Well, Aspergians are often called "seekers of truth," and I considered myself as such. But, how do you know the truth? Everyone else seems to believe that they know what the "truth" is, but yet most times their views don't agree with each other. How do you know which one is the truth? How can two opposing viewpoints both be right?

So, I began to look at it empirically. If I looked at the whole world of data out there, read all the various scriptures, what patterns began to show up? What were the basic "truths" that seemed to be shared across the board, or at least by the majority of believers?

The "truths" written in each of these scriptures had been followed by countless people over thousands of years - given that I had to believe that what was written in them must have some wisdom, some value. If not, why the longevity?

But, even as I searched through the writings of the major religions, I found myself deeply disappointed in the actual people who practiced many of these religions. The guiding principles found in their holy books, often seemed so lacking in their actual lives.

Take, as a case in point, my first experiences with church. In fourth grade, my father first began taking me to church. Not a churchgoer himself, my grandmother had leaned upon him heavily to begin taking me. Why, I never could quite tell - she wouldn't darken the door of a church to save her life.
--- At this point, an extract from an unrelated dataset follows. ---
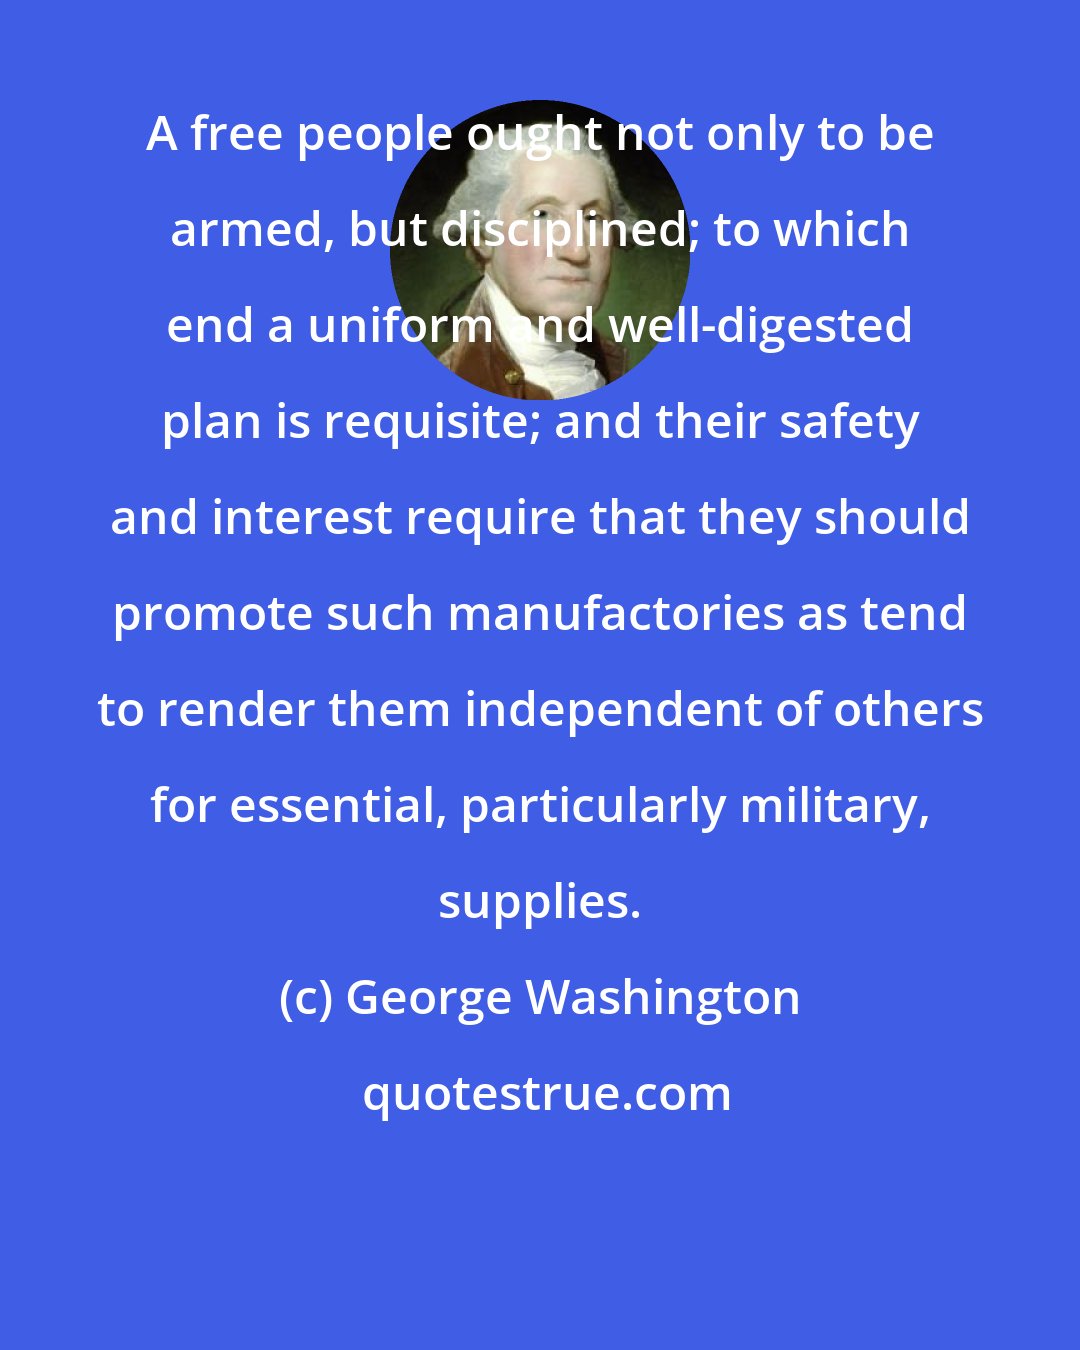 George Washington: A free people ought not only to be armed, but disciplined; to which end a uniform and well-digested plan is requisite; and their safety and interest require that they should promote such manufactories as tend to render them independent of others for essential, particularly military, supplies.

On the other hand, she was prone to pull scripture quotations out of her pocket at any time to settle an argument, something I never could quite understand.

New to the area, I had become a target for the most vicious bullying I had ever experienced. In my old circles, teasing was simply not allowed. In my new environment, I was not only viciously teased, but physically attacked as well. Night after night, I'd return home after school and cry myself to sleep, unable to understand what I had done to deserve such brutal treatment.

When my father came to tell me that we were going to start going to church, I felt lighter, hopeful. Memories of afternoons, side by side with my father, reading the Sermon on the Mount, came to mind. Surely a group of people who believed such things as "Blessed are the meek, for they shall inherit the earth," and "Love your enemies, do good to those who hate you, bless those that curse you," would be a very kind, caring group. Maybe this would be my sanctuary from the brutality I endured every day.

Imagine my shock and dismay when I discovered that two of my worst tormentors were children of deacons and elders of the church. At first I thought, "Well, maybe they don't know what their children are doing. If they did, they'd surely teach them better." That belief lasted until the end of the first service. As we all gathered for the post service reception, they started on me again. In front of their parents. This wasn't going to be a haven after all.

One of them, no doubt encouraged by her mother, invited me to her birthday sleepover party. There, she put lipstick in my bed, ruining my brand new pajamas, a gift from my Grandmother. Later, she and her friends pressured me into drinking orange juice - which they later gleefully intimated was spiked with pee.

When I had to leave early the next morning for church, (Because, of course, once a rule had been established in my house, it must not vary. Birthday parties did not mean a vacation from routine.), they made it nearly impossible for me to leave, by stealing my shoes and playing "keep away" with them in the front yard. Knowing, of course, that were I to chase after them, I'd get in trouble for ruining my tights. All this under the supervision of their "pious" parents.

To this day, I have found very few "religious" people who have truly embodied the beliefs they espoused. And, I can honestly say, that many of the worst things that have ever been done to me or to people I cared about, have been done by people who professed to be "religious." Some in the name of religion. How can that be?

So why do I, as a person with Asperger Syndrome, have a problem with organized religion? It's best summed up by what one of my heroes, Mohandas K. "Mahatma" Gandhi said of his experiences with Christianity - "I like your Christ, I do not like your Christians. Your Christians are so unlike your Christ."